- Collected data -
-.-.-

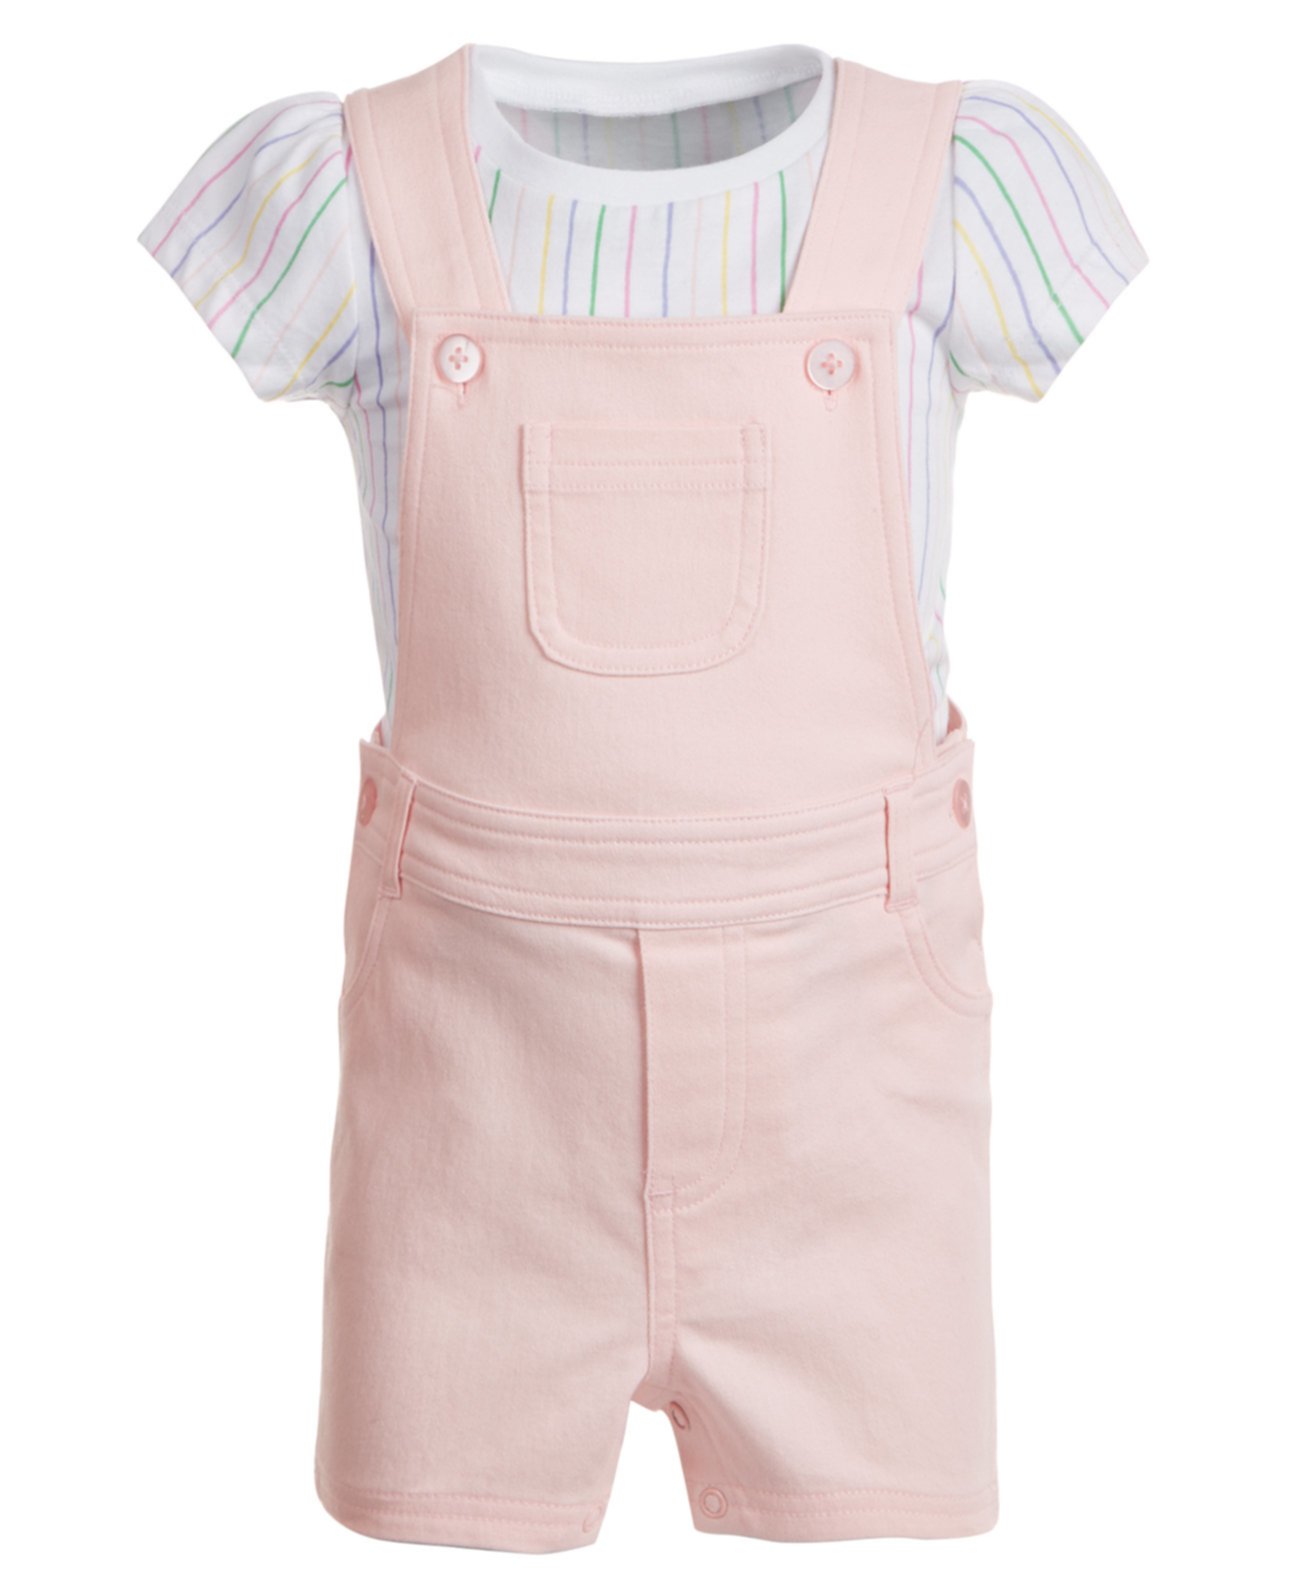 Baby Girls 2-шт. Полосатая футболка и короткий набор, созданный для Macy's First Impressions
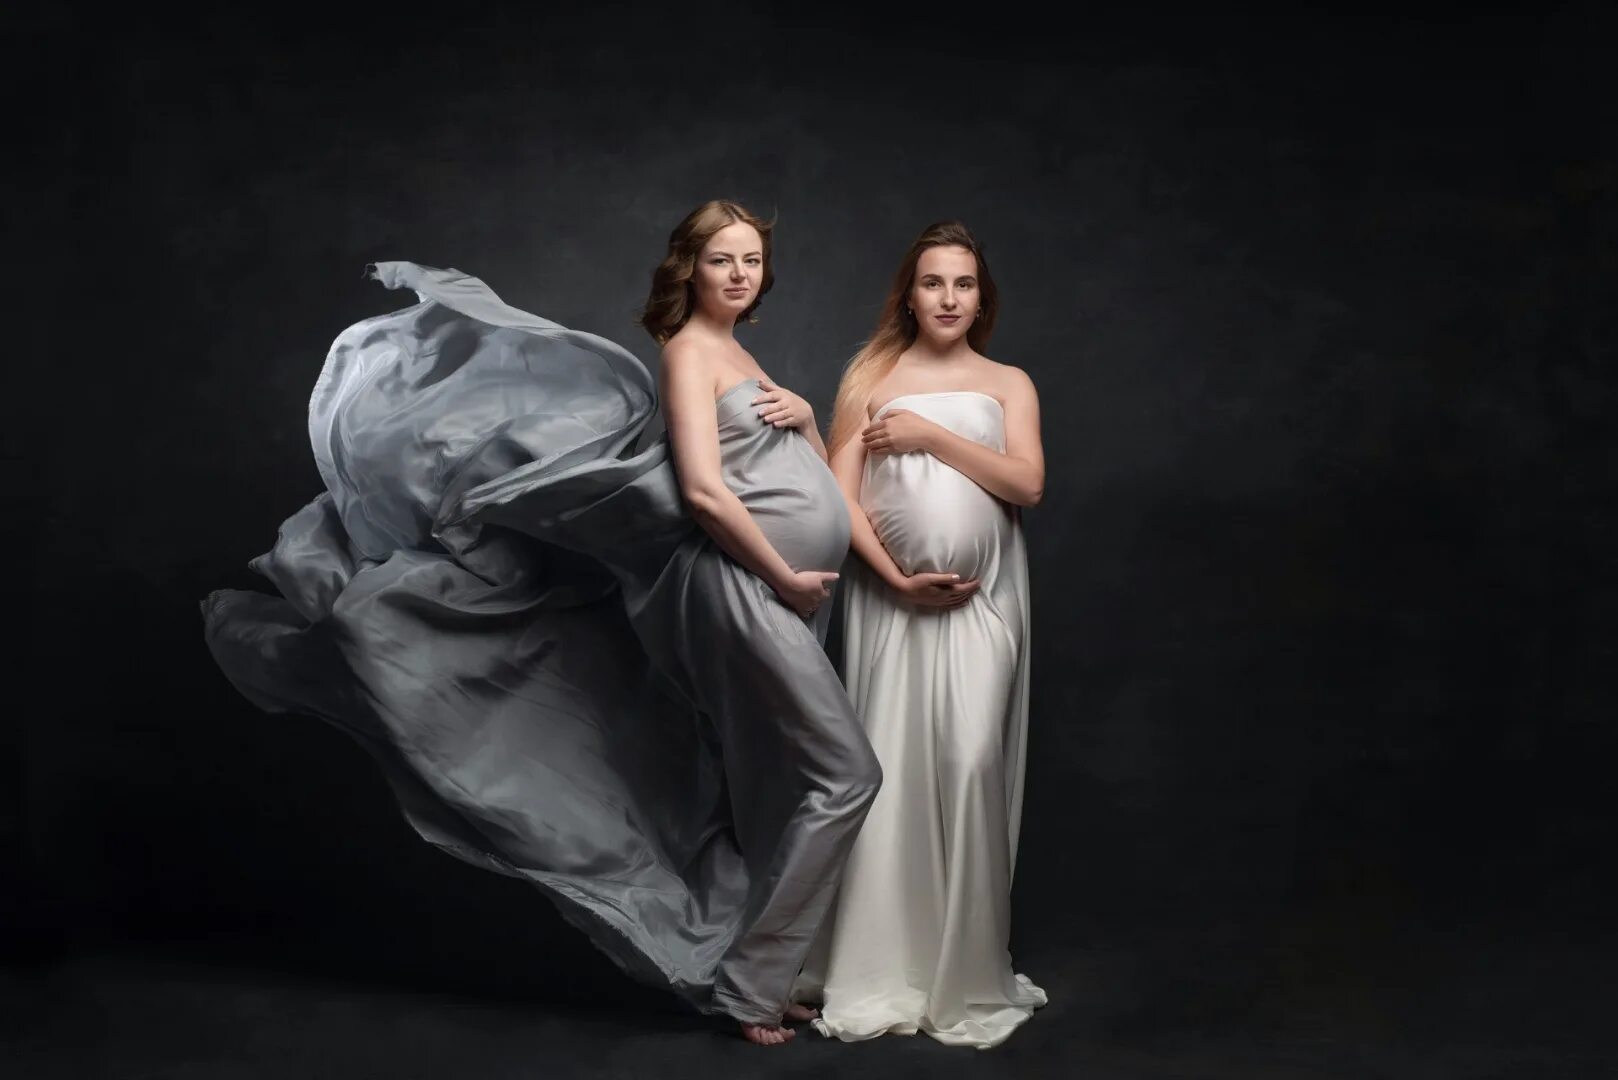 Фотограф беременность. Фотосессия беременных. Модные фотографы беременных. Профессиональная съемка беременные. Фотосессия беременности американские фотографы.
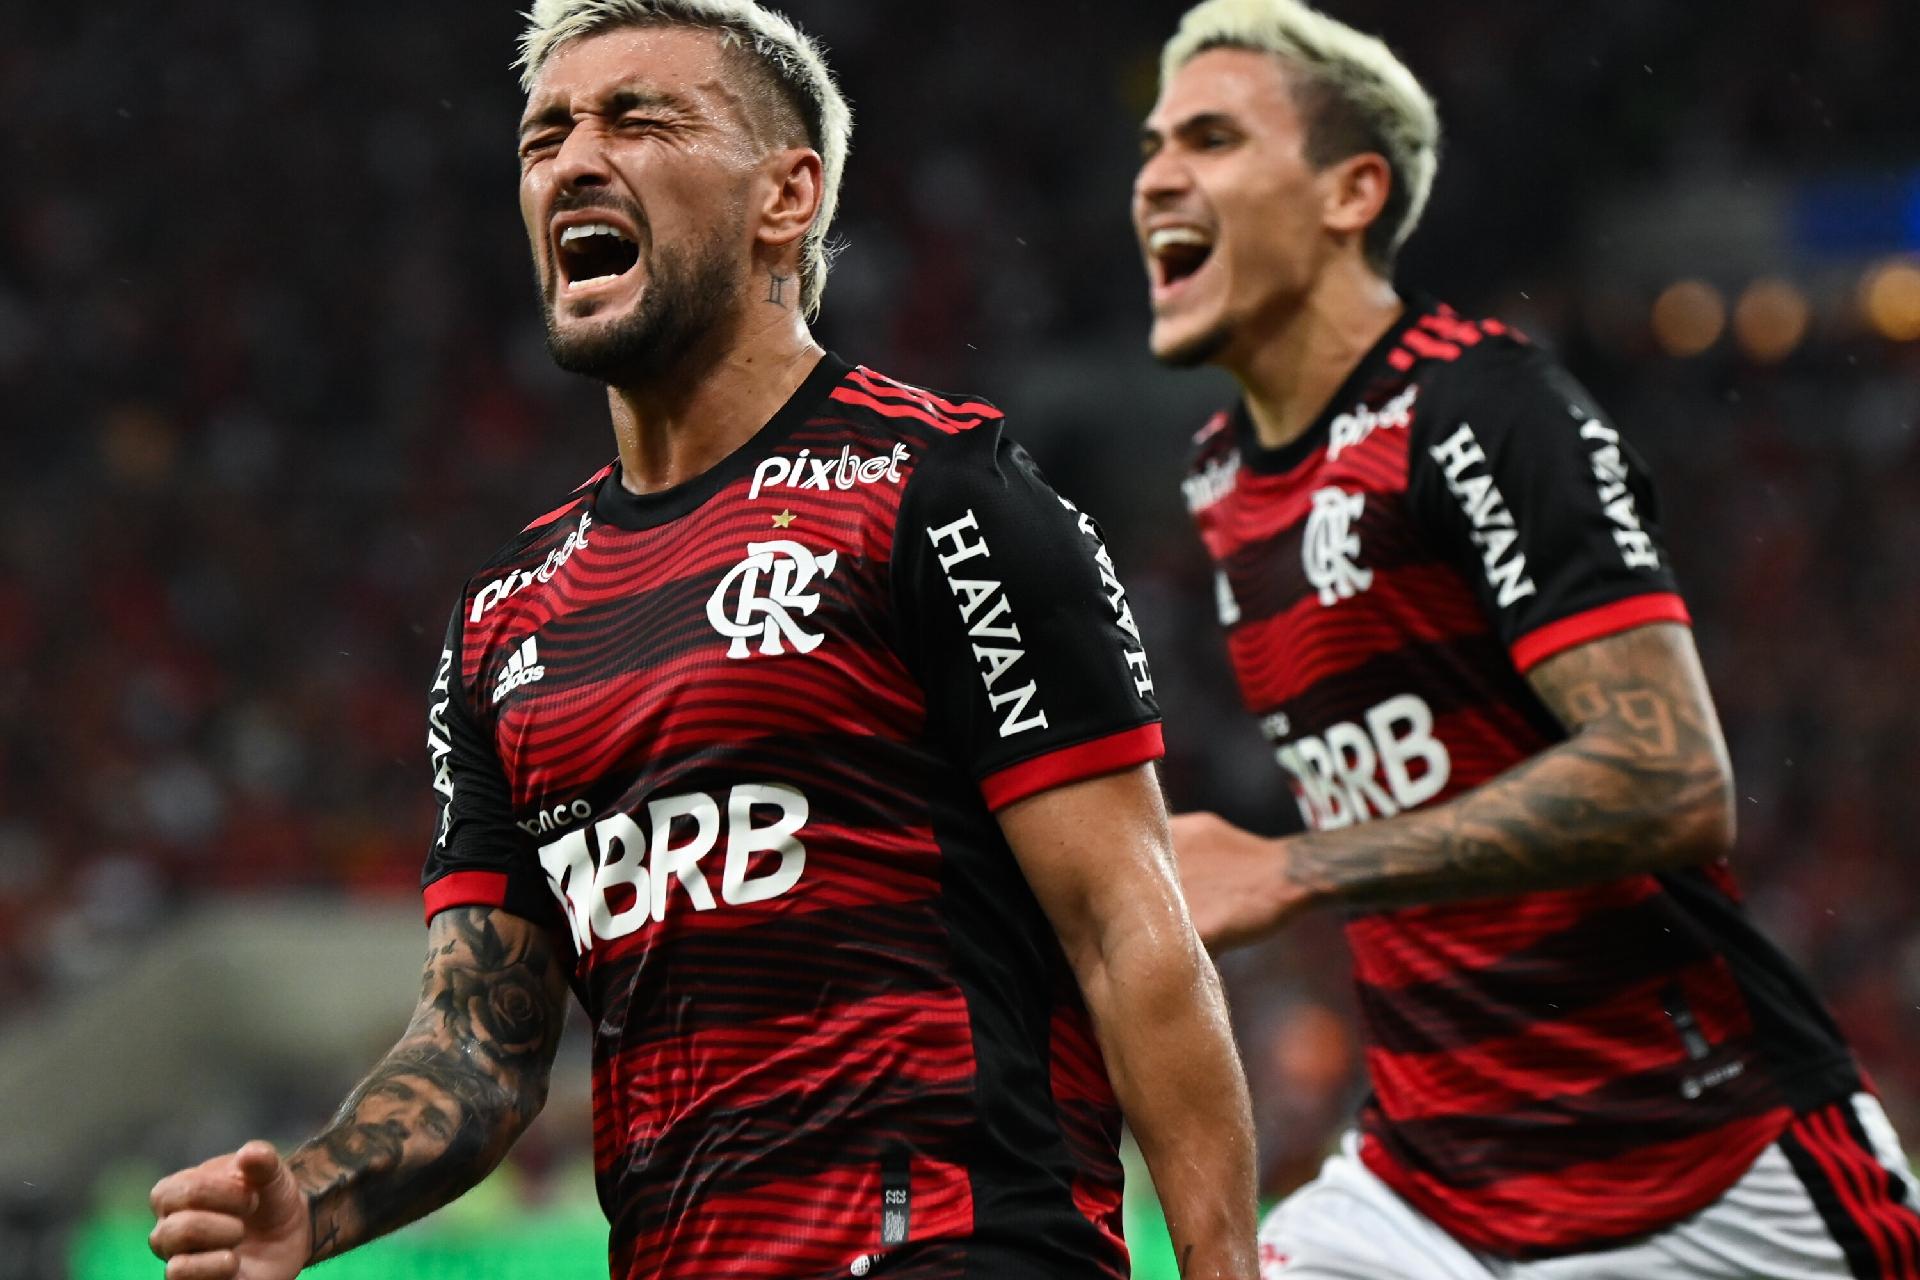 São Paulo vence Flamengo na partida de ida da final da Copa do Brasil;  confira detalhes do jogo - Folha PE
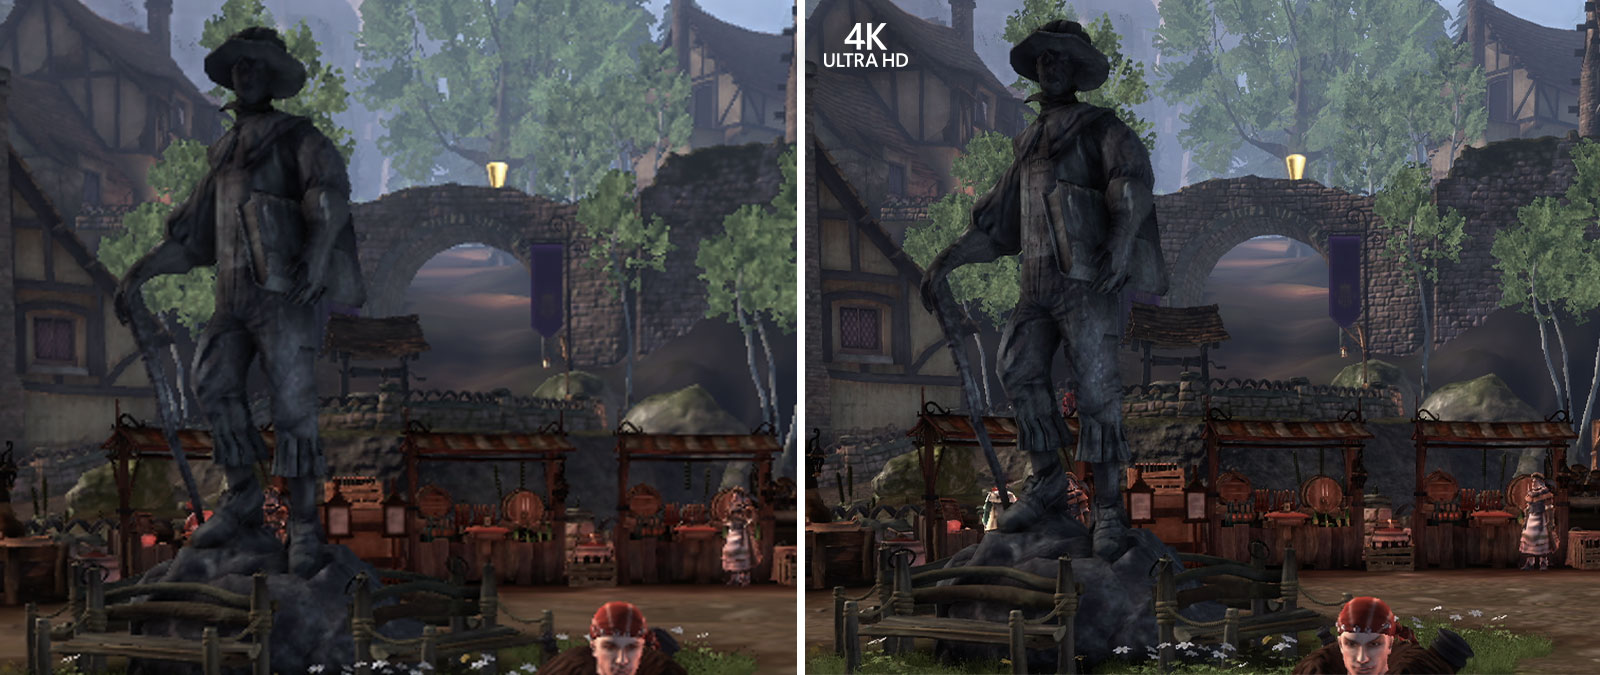 4K Ultra HD, comparaison de captures d’écran de Fable Anniversary zoomées pour voir les détails en arrière-plan

-.-.-

- Instructions for the task -
Every line of the listing is to be repeated exactly, and the pictures are to be dropped.

- Response -
 Baby Girls 2-шт. Полосатая футболка и короткий набор, созданный для Macy's First Impressions
 Фотограф беременность. Фотосессия беременных. Модные фотографы беременных. Профессиональная съемка беременные. Фотосессия беременности американские фотографы.
 São Paulo vence Flamengo na partida de ida da final da Copa do Brasil;  confira detalhes do jogo - Folha PE
 4K Ultra HD, comparaison de captures d’écran de Fable Anniversary zoomées pour voir les détails en arrière-plan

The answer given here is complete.